I never saw any of these things at the time, but was struck dumb... pole-axed... and felt like I'd been kicked in the groin. I had never in my wildest dreams even thought it was true... that such things happened... let alone would happen to me. I had fallen in love at first sight... I had met my mate at last. Here, before me, stood the woman I would worship for the rest of my life... my dream... the girl I would share my life with.
I sucked in my breath and stood, then took her hand and kissed it. "I want you," I replied to her enquiry about my drinks order.
It was her first day as a waitress at the bar, and she'd only turned eighteen the day before. She was very shy and spoke only a little English. The other waitresses were watching her, and had purposely put her on the papalagi table to tease her.
The yachties thought I was acting the fool... kidding her along by doing a Shakespearean sketch. They jived me and catcalled as I spoke with her.
"What's your name?" I asked, still holding on to her hand.
"Mariana." She looked down and giggled.
I kissed her hand again. "Thank you, Mariana. Could I have a large Vailima, please... and would you allow me to buy you a drink?"
"Thank you... I'll have a Coke." She left to collect my order, blushing shyly as she went.
I sat down to collect my wits, and try to work out what had just happened to me. I was a mess inside, and felt my heart pounding.
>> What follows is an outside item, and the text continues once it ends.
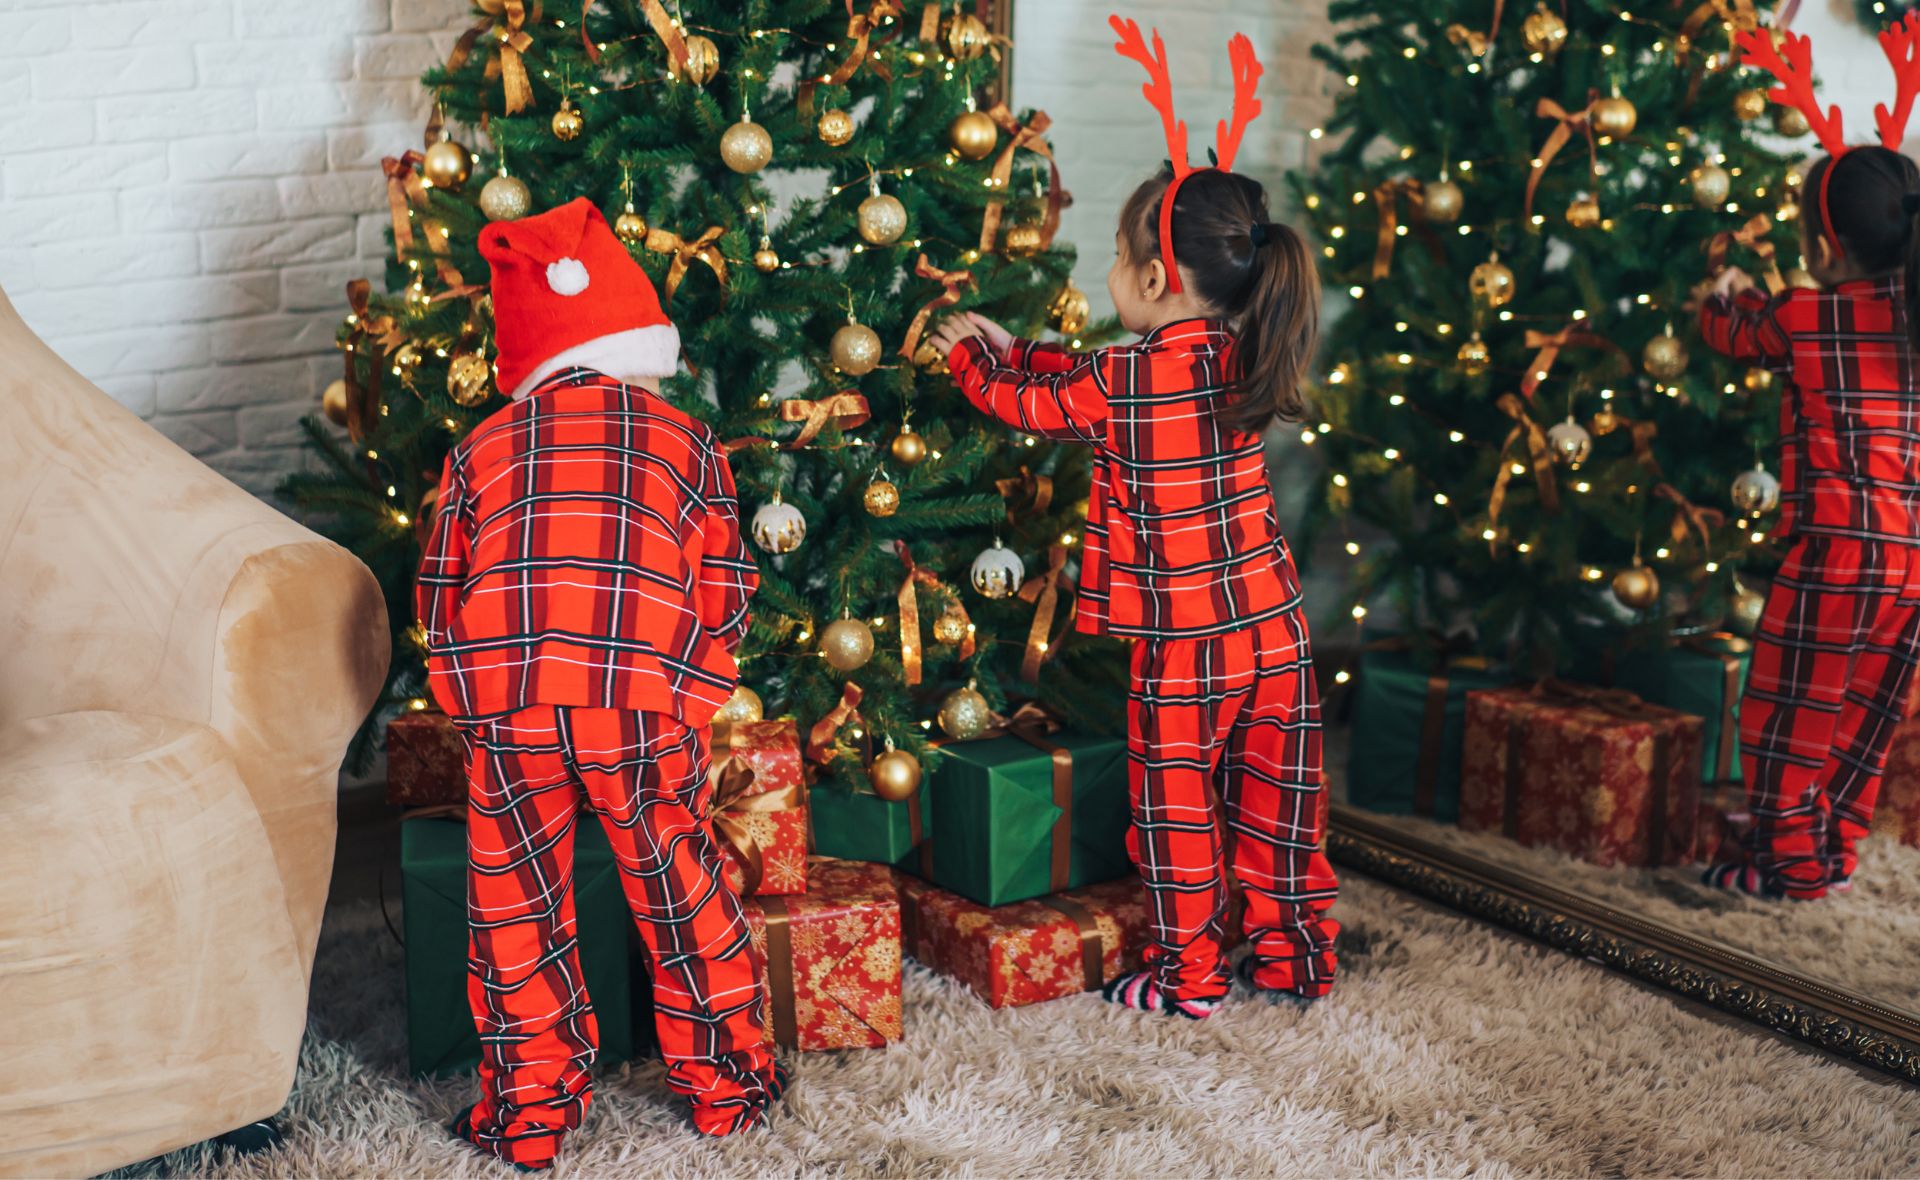 Bring the festive cheer with these matching Christmas PJs for the whole family

She gave me my drink, along with my change, then went to collect another order. I followed her with my eyes, and knew that somehow I had to have her. She smiled at me when she went across to the bar.
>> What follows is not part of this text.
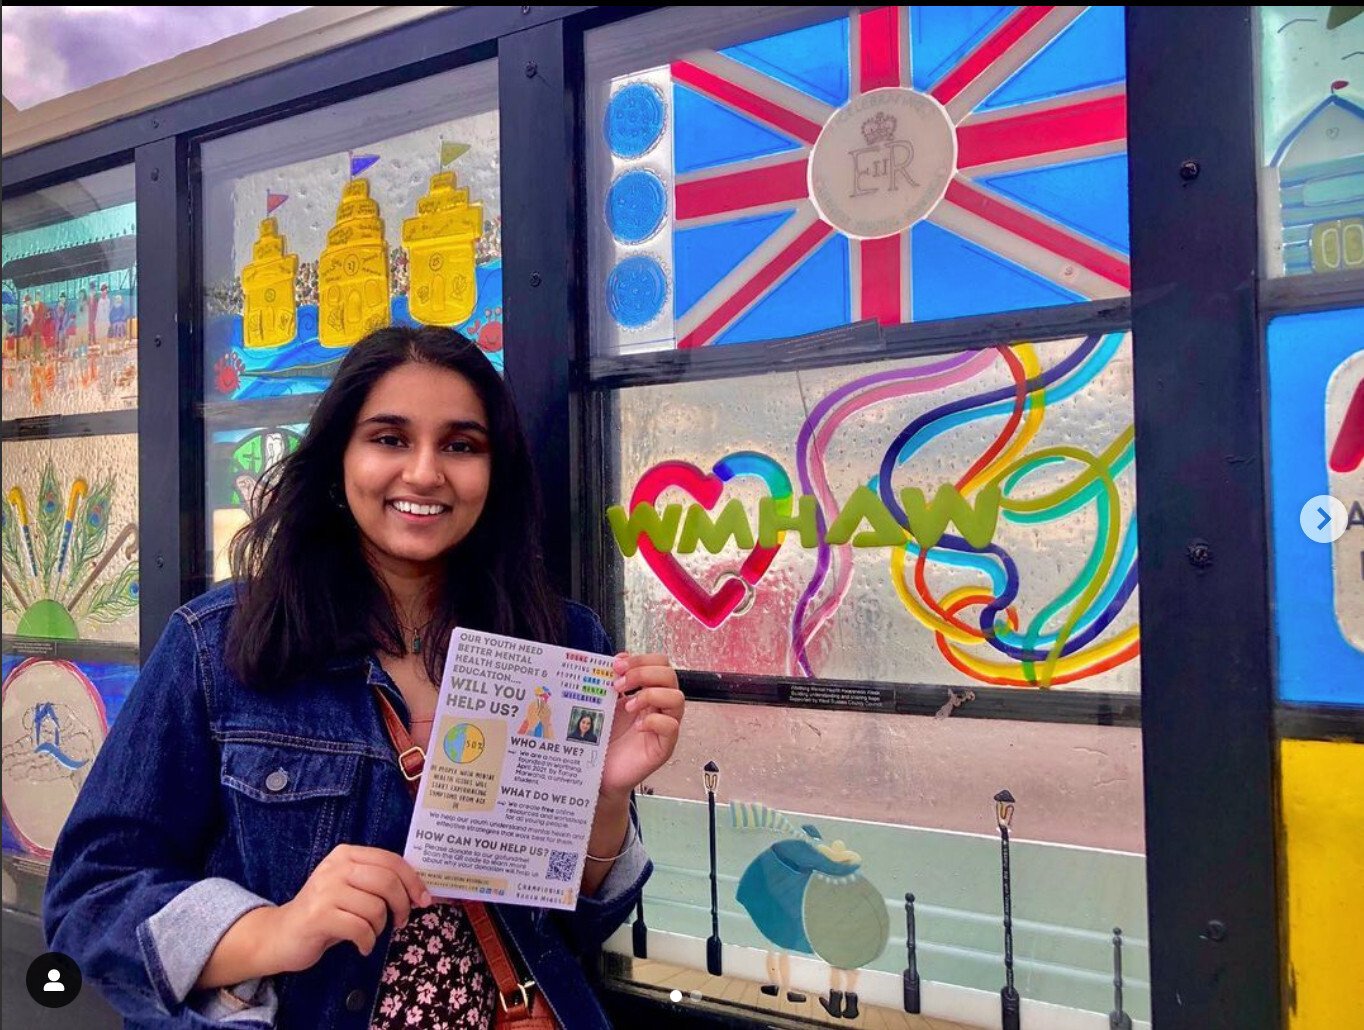 British-Indian student Tanya Marwaha has set up a programme to support young people with their mental health. Photo: Handout

The other two waitresses started making fun of her. They had told her all about me... the crazy captain of the crazy ship anchored just outside the rear of the bar.
Over the next two days, I was very courteous to Mariana. I didn't make fun of her like I did with Upu and Sia. These two girls could see a change in me, and just knew that something was going on. They teased her unmercifully. The yachties gave me a good joshing, and I took it with my usual banter, but when they started on Mariana I saw red. I threatened to sink their yachts by gunfire if the teased her again.
She wouldn't go out on a date with me, but had agreed to come and look around my ship the following Sunday with some of her family. She told me she came from a small village in Western Samoa, on the south side of Upolu Island. She explained that she was staying with her married sister at Satala village, on the other side of the harbour near Star Kist Cannery.
She told me she would meet me at 10 o'clock on Sunday morning at a concrete outfall, that had steps they could use to board my launch. She had smiled her sweet smile and told me not to be late.

I was pushing thirty six, and it was a shock to my system having to court a shy teenager only half my age. I was on my best behaviour as Mariana introduced me to her sisters, Faaesea and Ina, and her aunties and cousins. I took them out to my ship and gave them a conducted tour around. Tea and cookies were served by Siggy... my black steward from Grenada... and all her family were fascinated by my pet bear.
Just before she boarded my launch for a trip around the harbour, she allowed me to take her in my arms and kiss her. I told her that I was in love with her, and wanted her for my girlfriend. She smiled and giggled at my woods... she wasn't used to papalagi sea captains making declarations of love to her.
I was a completely changed man. At 10 o'clock in the morning, I would go straight to the Seaside Garden Club to be with her. Whenever she could, she would come to my table and talk with me. I would go to the Post Office, then return straight to the bar to be near her again. I stopped using the Bamboo Room, and spent every hour I could in her company.
She worked from eight in the morning until ten at night, so there was no chance for me to date her during the week. By the time she'd finished her work for the day and caught her bus home, she was all in.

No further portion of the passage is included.